I agree with all your thoughts.
As mentioned, I did also try a numerical version of the code. This actually let to worse performance.
I guess I could try again though, to rule out silly mistakes.

when you said that you “replaced strings with numpy arrays” I assumed you meant numpy arrays with strings inside. did you test with arrays of integers?

in your first post you asked about typed.Dict. I haven’t done extensive comparisons but for some tests I ran some time ago, I remember that in interpreted mode typed.Dict is slower than python dict, but in jitted code typed.Dict is faster than python dict. They are both 10-100x slower than a numpy array, so I had to re-factor an application from dictionaries to arrays. I gained 50x doing that.

@julius could you share the numerical version? I’m curious to see how it can be slower

Sure! Pushed it to here now: sunfish/numnunfish.py at master · juliusbierk/sunfish · GitHub
This version uses no string operations (e.g. isupper(), etc…), but it still makes the array into a string now and then to use as a key in dictionaries. I will try and see if I can get around this.
This numerical version is about two times slower than the string version.

Okay @luk-f-a you’re making me think about getting rid of all string operations. I found this smart hash function for chess boards (Zobrist hashing - Wikipedia) and quickly tried implementing it. Now all string operations are gone, and finally I see a speedup! So thank you!!
The speedup is only 6x, but definitely better than nothing.
New version here if you are interested sunfish/numnunfish_zobrist.py at master · juliusbierk/sunfish · GitHub

I am still longing after those 100 x / 1000 x speedups I am used to from numba :slight_smile:

Many thanks again!

is it not possible to remove the dictionaries? that would create a massive speed improvement. if that’s not possible, then not converting to string would be the second best alternative.

Something else to look into is the heavy use of yield, @stuartarchibald would you say using yield in jitted code is efficient? any pitfalls?

cheers,
Luk

Thanks @luk-f-a !
In the zobrist version I just posted I got rid of many of the dictionaries, but two still remain (tp_score, tp_move). These are harder to remove. Could do it, but then I lose algorithmic performance. Might be worth it though. I will think about it.

I can definitely get rid of yield if you think that might be a good idea.

@luk-f-a but most of the 6x speedup might actually come from just doing numerical evaluations instead of string operations. I don’t seem to gain much from numba :frowning:

Have you got any idea of a method to profile numba-compiled code? I have not been able to find any good resources for this.
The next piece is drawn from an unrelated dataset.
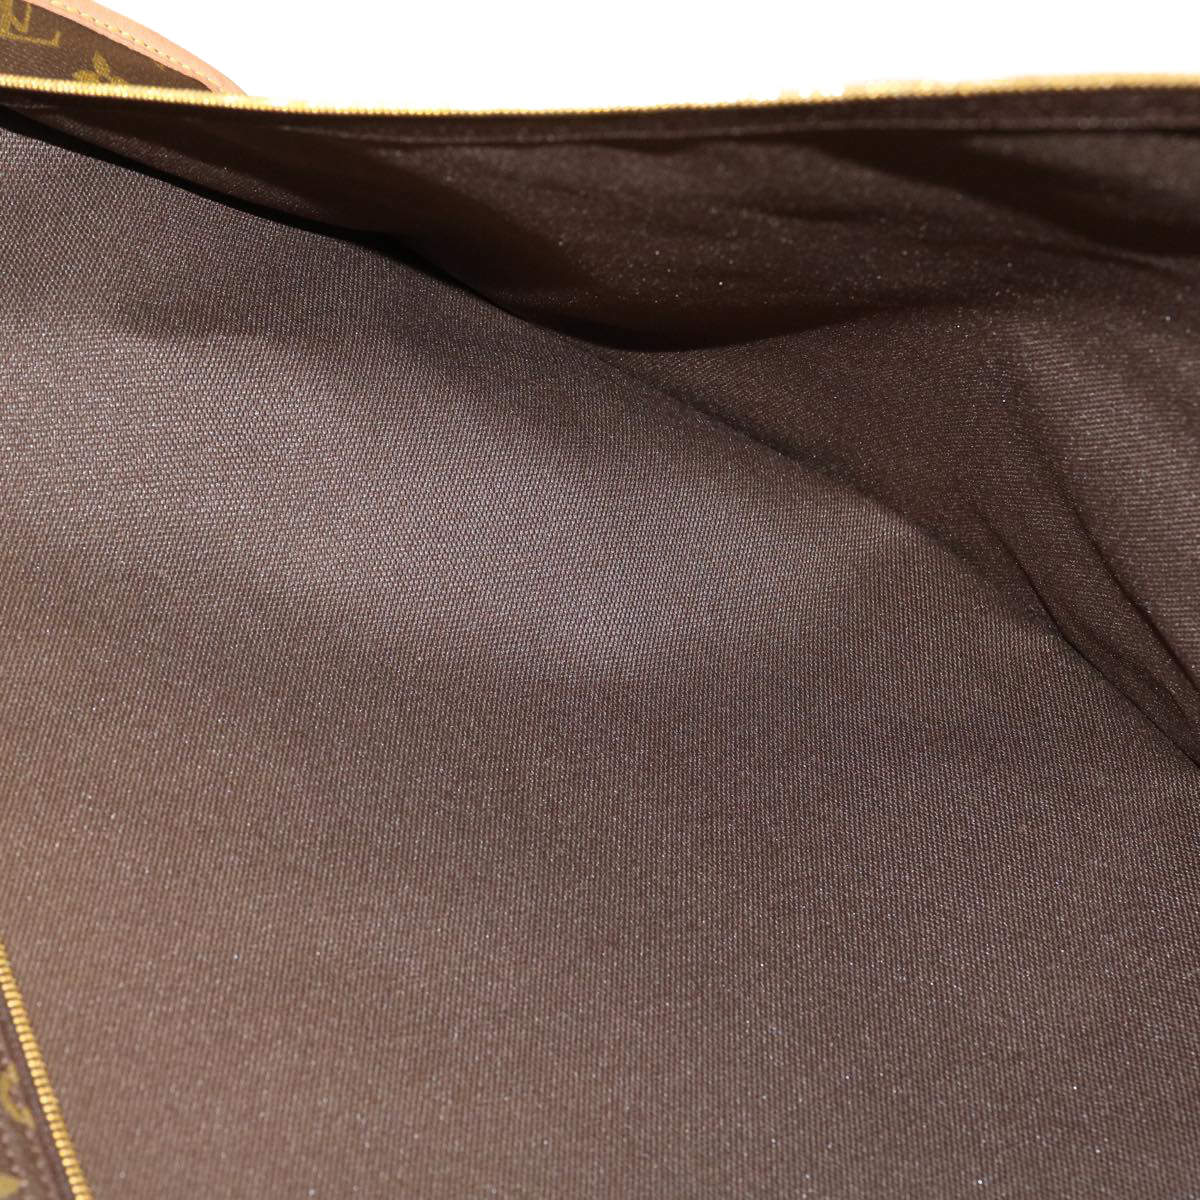 Garment cloth travel bag Louis Vuitton Brown in Cloth - 35041513

Thanks again :smiley:

there’s no native way to do it. you can hack an approximation with this recipe: Profiling — Numba-how-to documentation

however, it has an overhead per-function-call and you have some many function calls that I’m not sure it will be useful for you. That overhead might distort the results too much.

It can make it harder to optimise but LLVM can sometimes “see” through it. For this sort of application, finding the hot spots and using benchmarks to assess improvements seems like it could be an effective approach.
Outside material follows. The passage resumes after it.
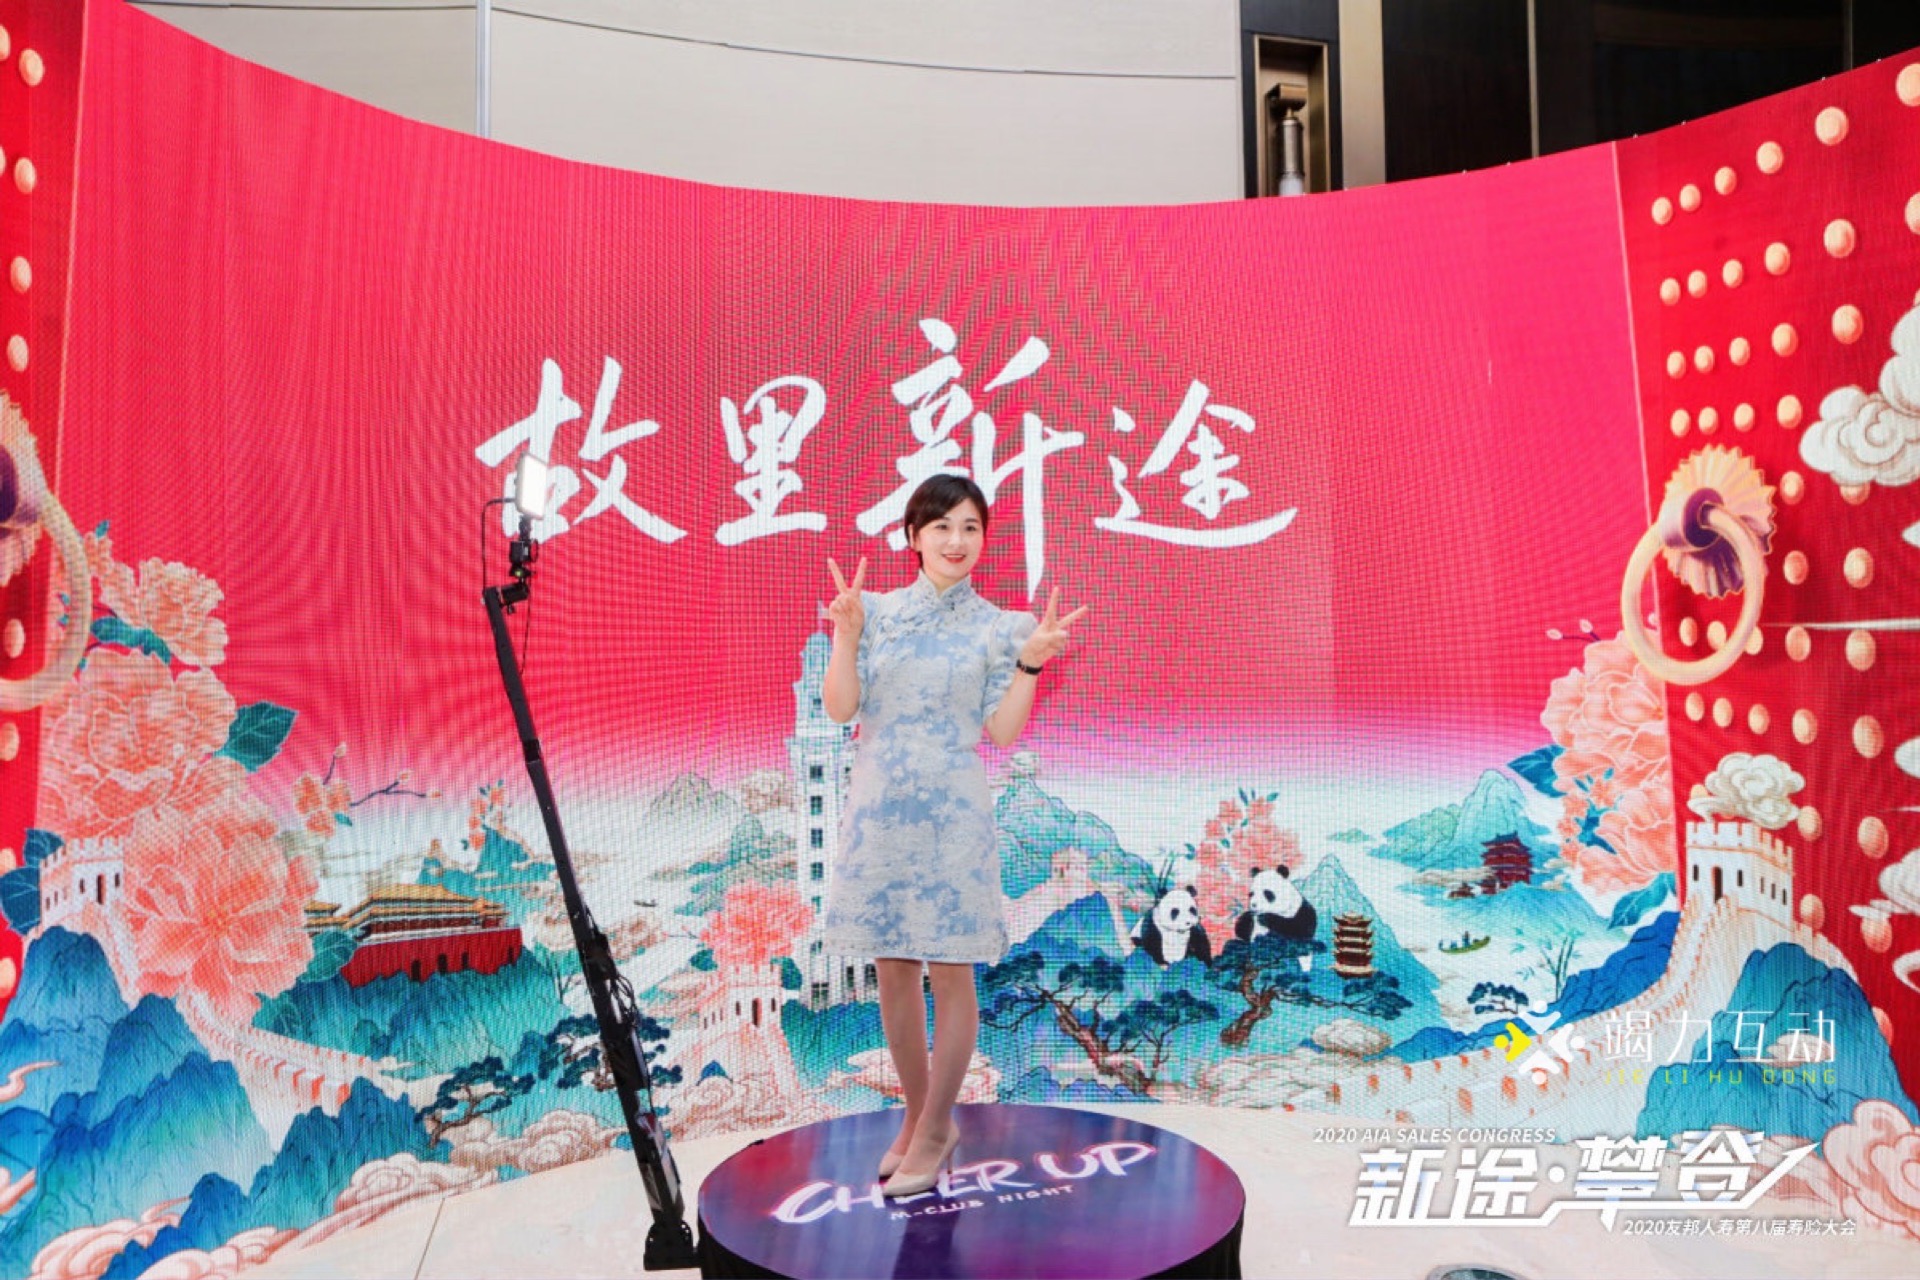 杭州站友邦人寿第八届寿险大会360升格拍照科技互动装置助力

Thanks @stuartarchibald. Any recommendations on a benchmarking/profiling approach? The method suggested by @luk-f-a, as he also points out, doesn’t work well due to the many function calls.
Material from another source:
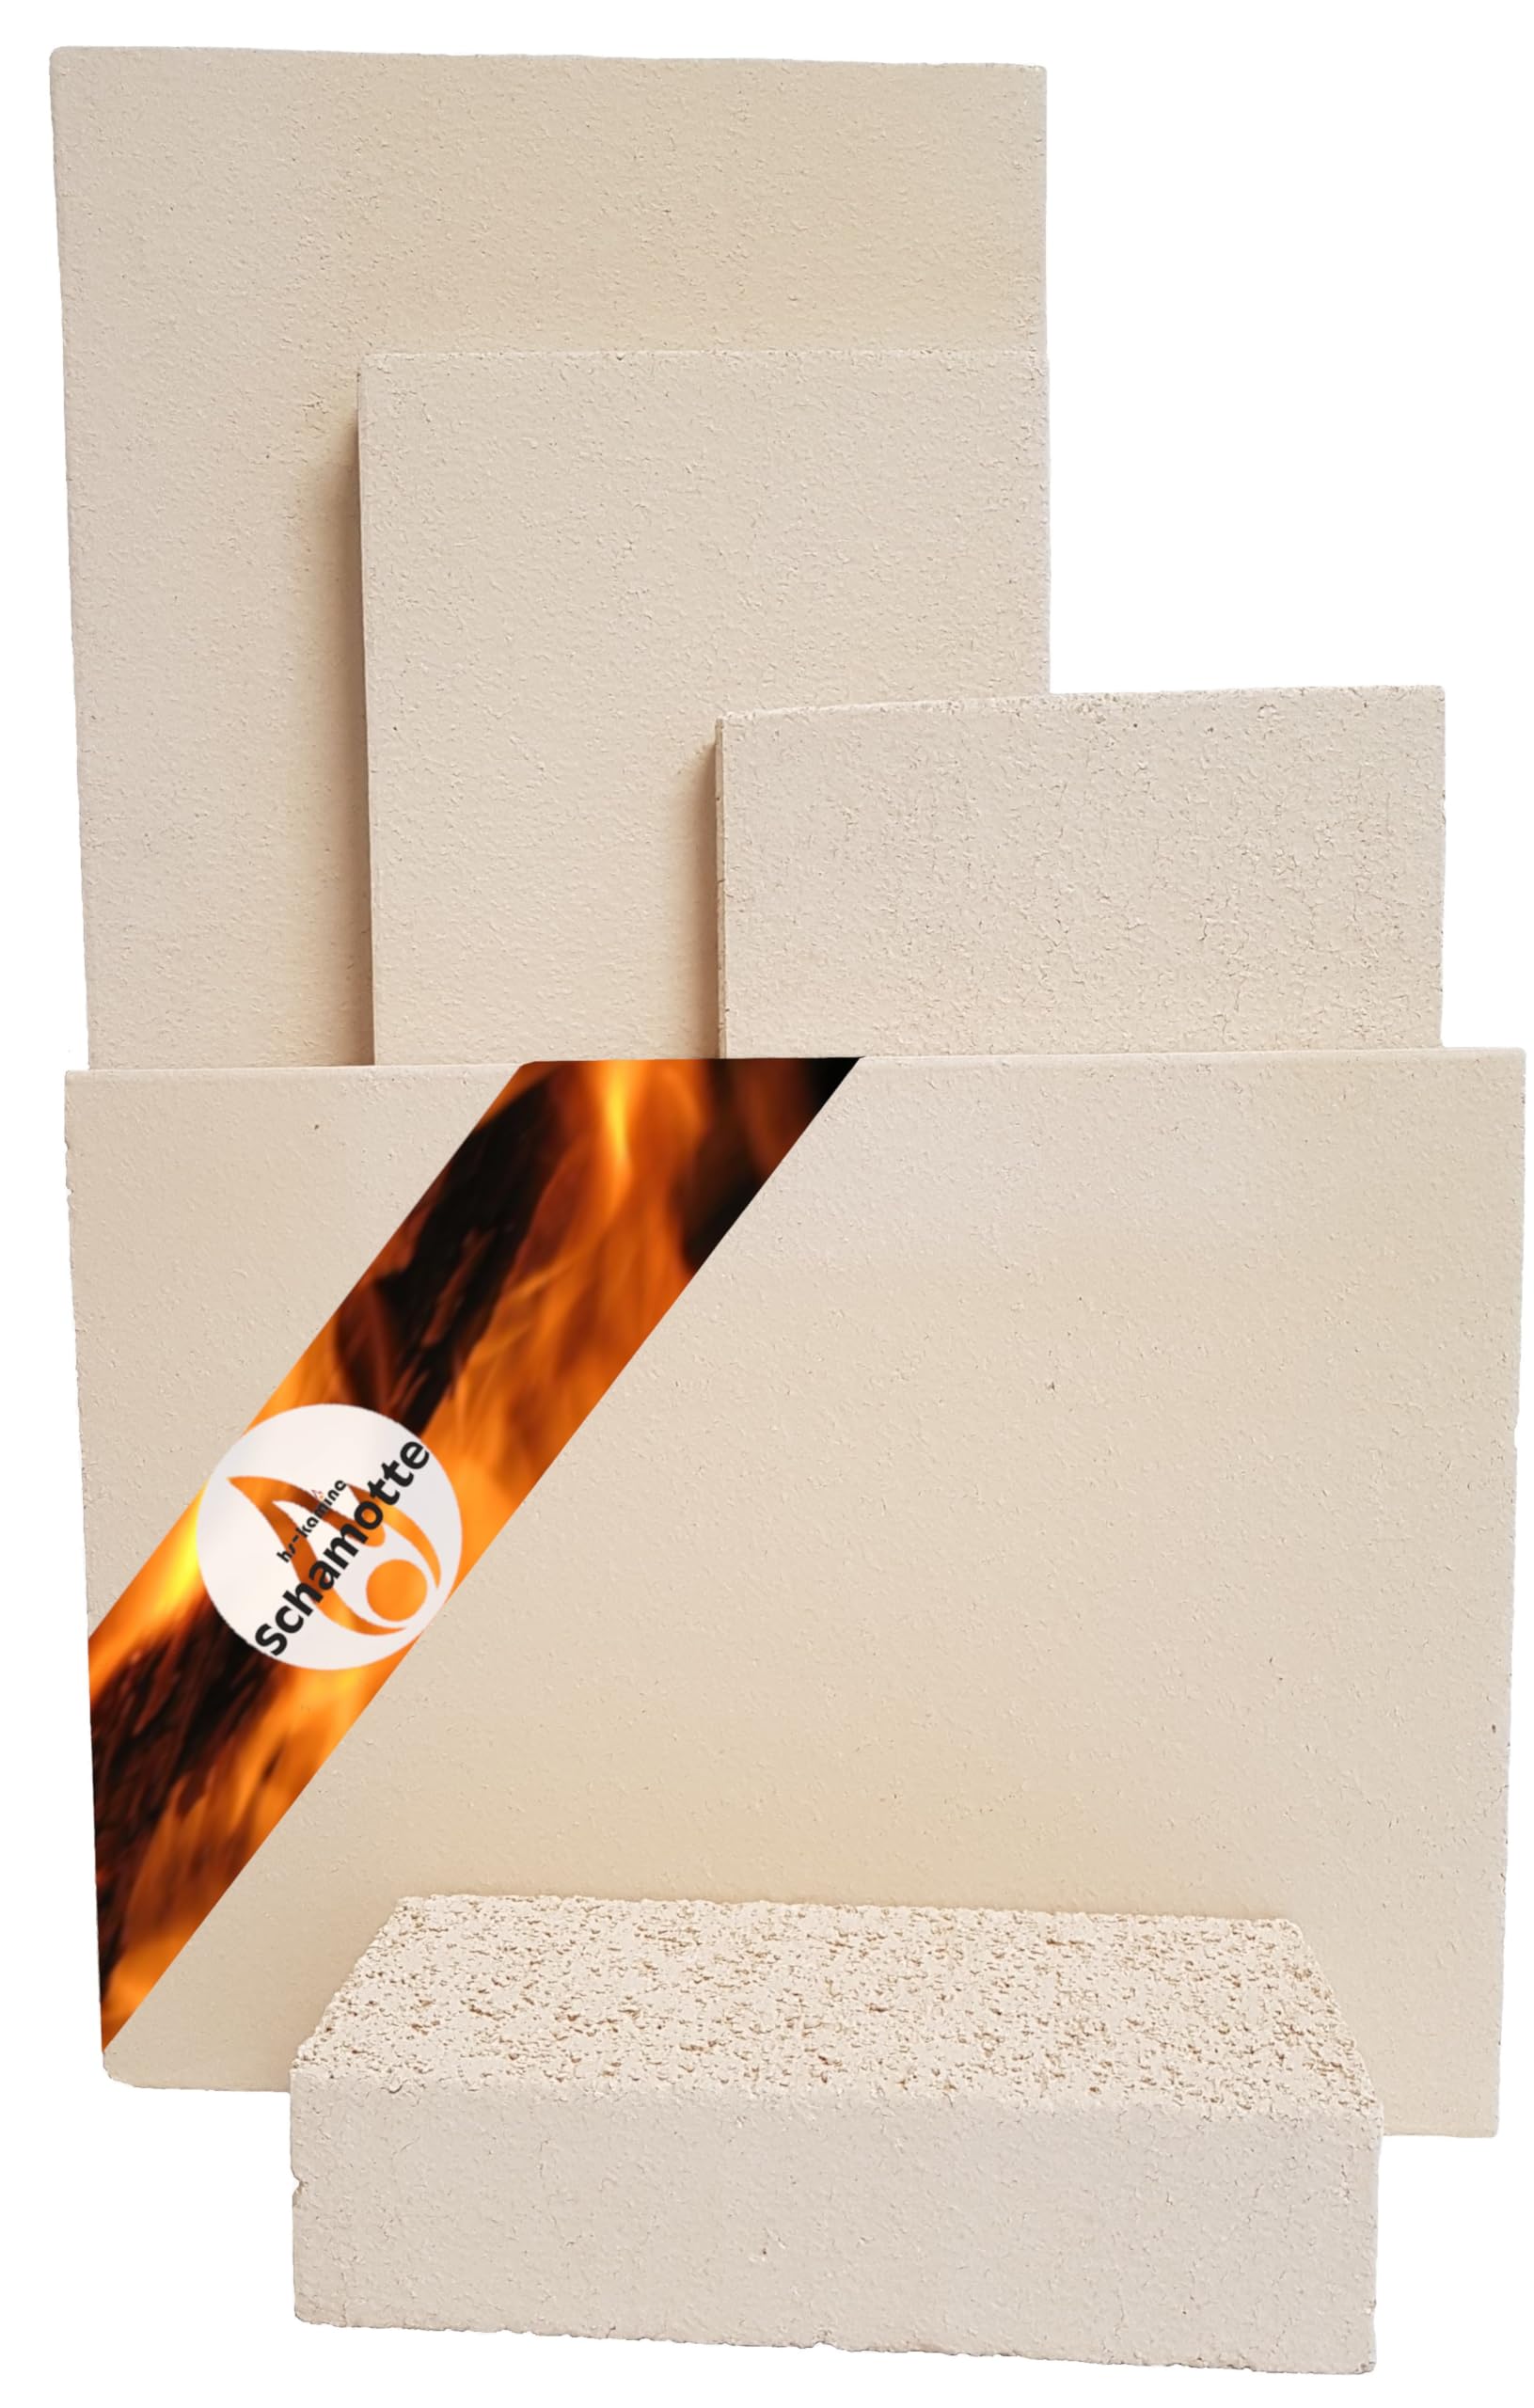 Schamotteplatten Premium Wh für den Feuerraum und auch für Holzbacköfen, Pizzaöfen und Grills feuerfest & lebensmittelecht viele Größen online verfügbar (400 x 300 x 40 mm, 2 Stück)

@julius I’m afraid function level and line level profiling are not really supported in Numba yet, this issue is tracking Feature request: line profiler/performance profiler · Issue #5028 · numba/numba · GitHub perhaps subscribe to that?

For now, your options are probably to collect individual function execution times and obtain information about the number of invocations and infer where there’s potential for optimisation from that. The info @luk-f-a referenced above might help with the invocation count part.